CORM: Cache Optimization with Recent Message for Large Language Model Inference
Jincheng Dai, Zhuowei Huang, Haiyun Jiang, Chen Chen, Deng Cai, Wei Bi, Shuming Shi
TL;DR
This work tackles the KV cache memory bottleneck in large language model inference by exploiting attention sparsity and the observation that similar queries rely on similar keys. They introduce CORM, a dynamic eviction policy that uses recent query attention messages to retain only the most informative key-value pairs without model fine-tuning. Empirical results on LLaMA2-7B-Chat and Vicuna-7b-v1.5-16k show up to $70\%$ KV cache reduction with negligible performance degradation across LongBench tasks, and CORM can be integrated with grouped-query attention (GQA) for further compression.
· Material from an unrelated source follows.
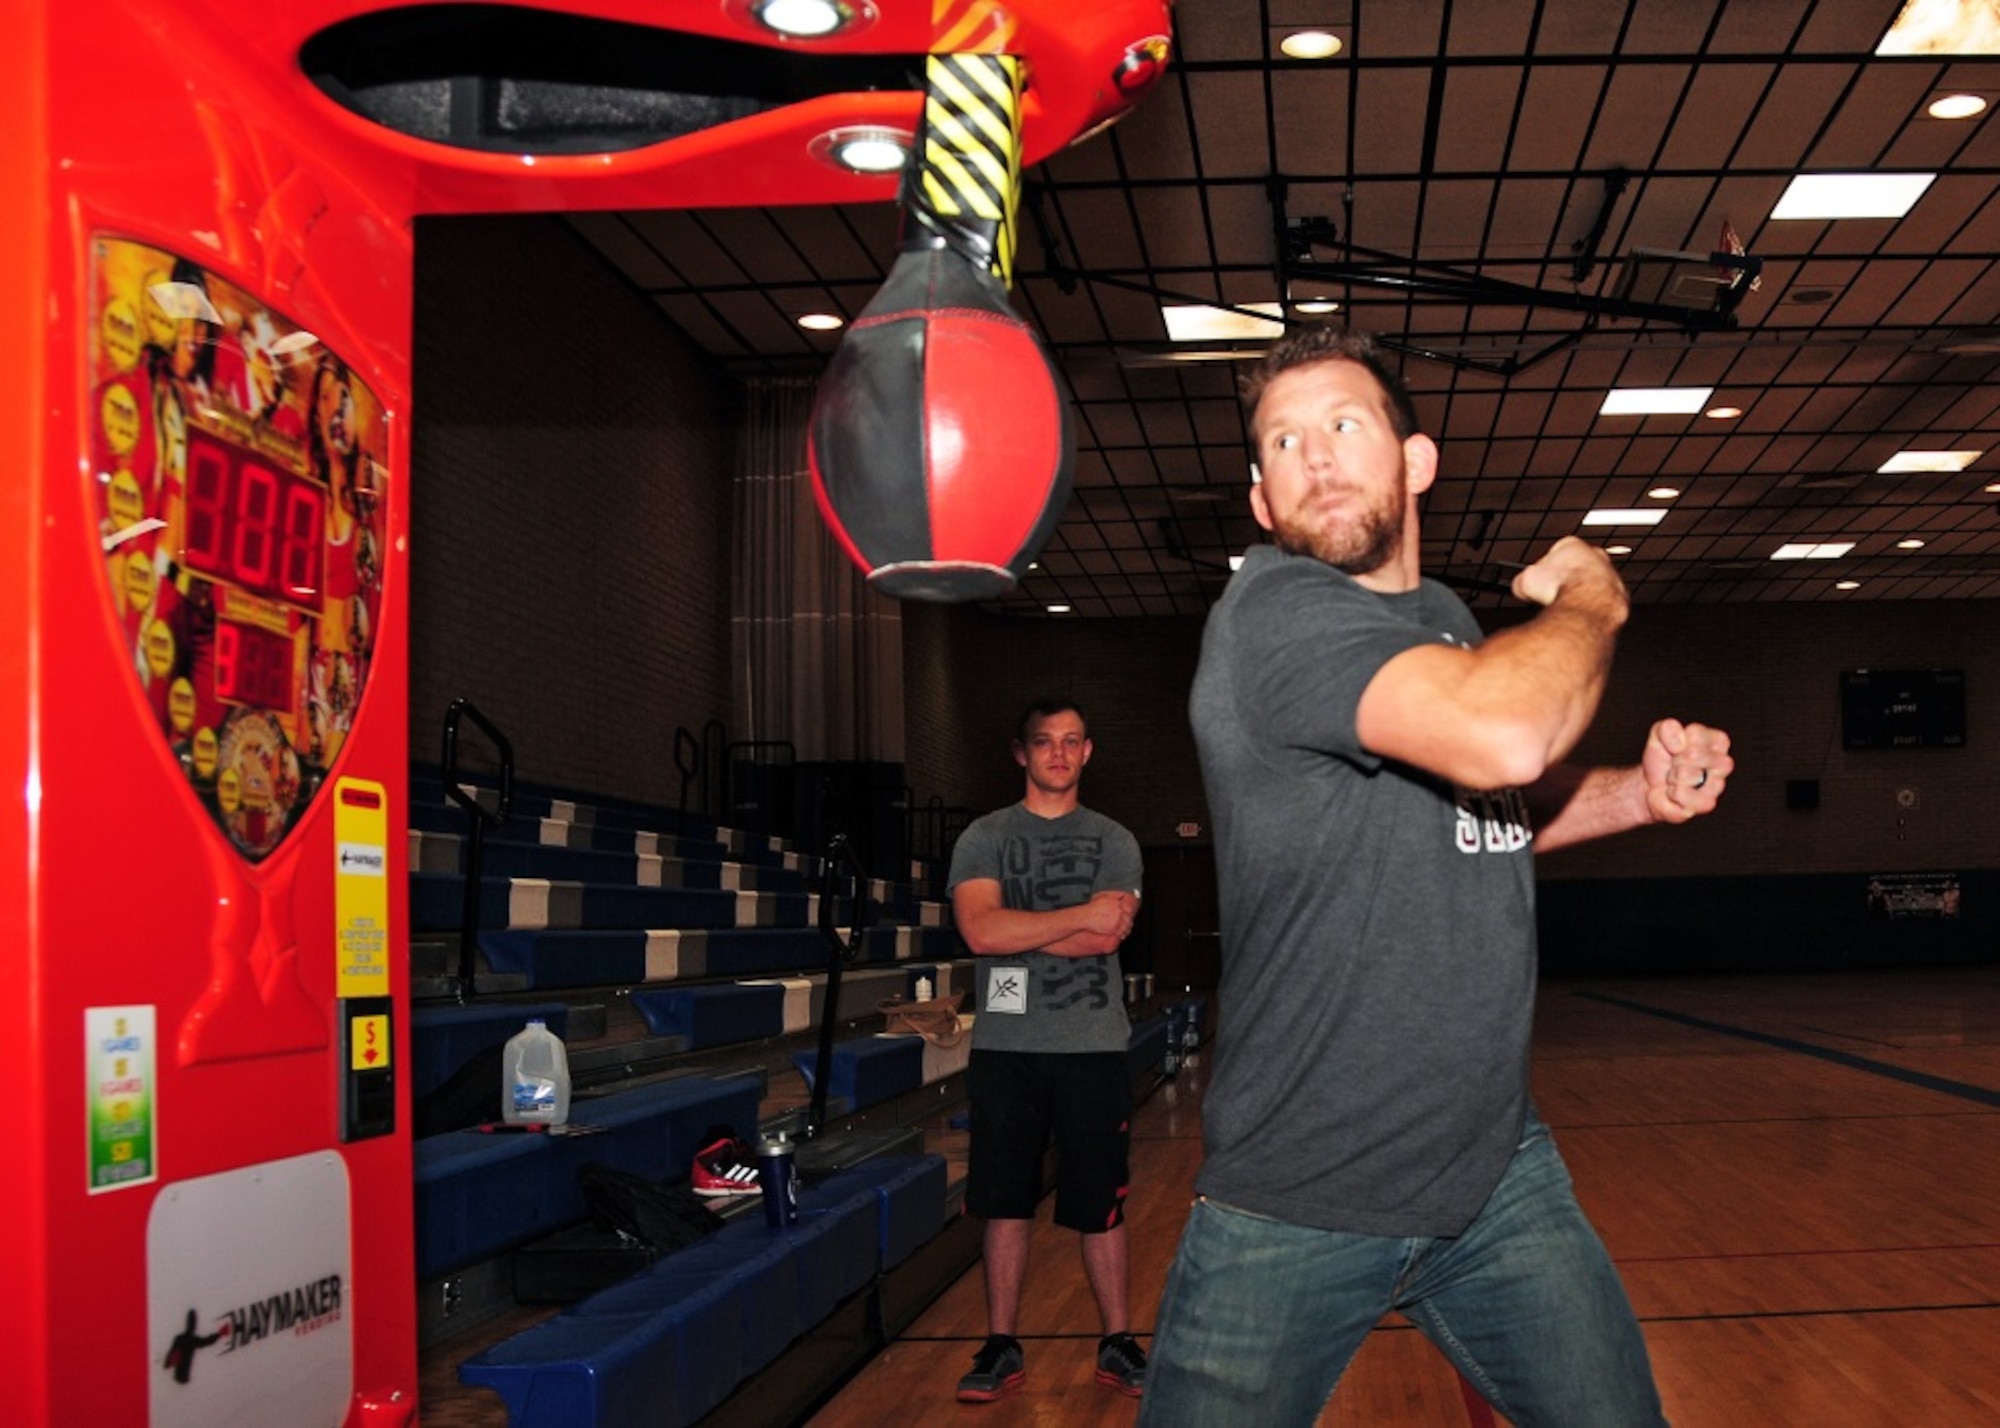 Ryan “Darth” Bader, Ultimate Fighting Champion fighter, takes a swing at the Haymaker vending machine to measure his punching power Mar 21 during the UFC Fitness Tour 2015 at the Bryant Fitness Center, Luke Air Force Base, Ariz. (U.S. Air Force photo taken by Tech. Sgt. Louis Vega Jr.)

The approach generalizes across multiple models (with caveats for non-RoPE encodings) and offers a practical, training-free path to memory-efficient LLM inference with strong potential for real-world deployment.
Abstract
Large Language Models (LLMs), despite their remarkable performance across a wide range of tasks, necessitate substantial GPU memory and consume significant computational resources. Beyond the memory taken up by model weights, the memory used by the KV cache rises linearly with sequence length, becoming a primary bottleneck for inference. In this paper, we introduce an innovative method for optimizing the KV cache, which considerably minimizes its memory footprint. Upon thorough investigation, we discover that in most Transformer models, (i) there is a striking similarity between adjacent tokens' query vectors, and (ii) the attention calculation of the current query can rely exclusively on the attention information of a small fraction of preceding queries. Based on these observations, we present CORM, a KV cache eviction policy that dynamically retains essential key-value pairs for inference without the need for model fine-tuning. Our validation shows that CORM reduces the inference memory usage of KV cache by up to 70\% with negligible performance degradation across six tasks in LongBench. Furthermore, we demonstrate that CORM is compatible with GQA for further compression rate.